David R Beers  1 Jenny S HenkelWeihua ZhaoJinghong WangStanley H Appel
Affiliations

CD4+ T cells support glial neuroprotection, slow disease progression, and modify glial morphology in an animal model of inherited ALS (V体育平台登录)

David R Beers et al. Proc Natl Acad Sci U S A. .

Abstract

Neuroinflammation, marked by gliosis and infiltrating T cells, is a prominent pathological feature in diverse models of dominantly inherited neurodegenerative diseases. Recent evidence derived from transgenic mice ubiquitously overexpressing mutant Cu(2+)/Zn(2+) superoxide dismutase (mSOD1), a chronic neurodegenerative model of inherited amyotrophic lateral sclerosis (ALS), indicates that glia with either a lack of or reduction in mSOD1 expression enhance motoneuron protection and slow disease progression. However, the contribution of T cells that are present at sites of motoneuron injury in mSOD1 transgenic mice is not known.

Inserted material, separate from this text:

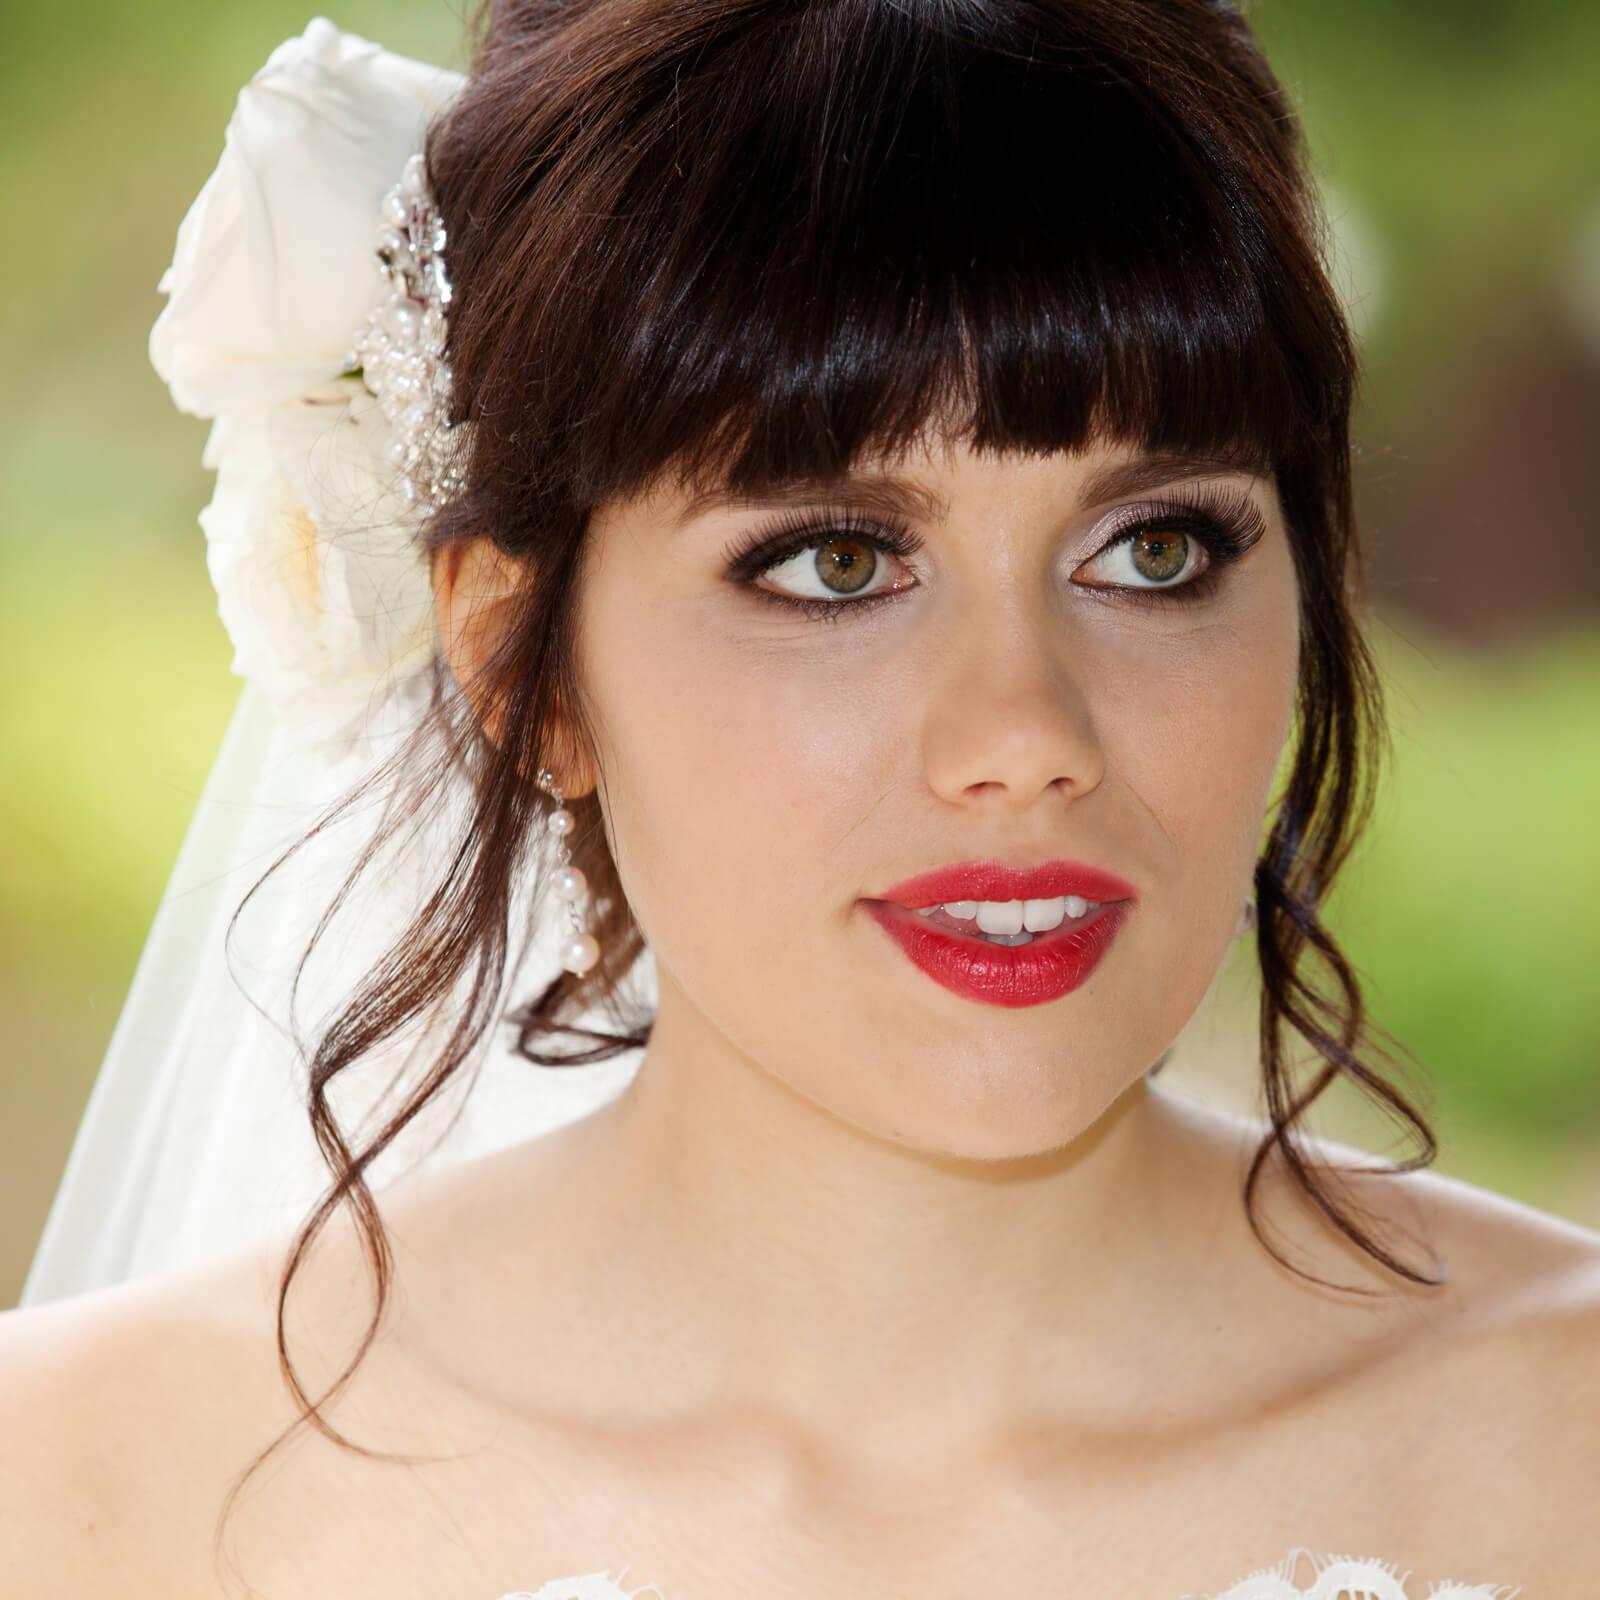 Warwickshire-wedding-photographer-Tara-Alex-2

Here we show that when mSOD1 mice were bred with mice lacking functional T cells or CD4+ T cells, motoneuron disease was accelerated, accompanied by unexpected attenuated morphological markers of gliosis, increased mRNA levels for proinflammatory cytokines and NOX2, and decreased levels of trophic factors and glial glutamate transporters. Bone marrow transplants reconstituted mice with T cells, prolonged survival, suppressed cytotoxicity, and restored glial activation. These results demonstrate for the first time in a model of chronic neurodegeneration that morphological activation of microglia and astroglia does not predict glial function, and that the presence of CD4+ T cells provides supportive neuroprotection by modulating the trophic/cytotoxic balance of glia. These glial/T-cell interactions establish a novel target for therapeutic intervention in ALS and possibly other neurodegenerative diseases VSports手机版. .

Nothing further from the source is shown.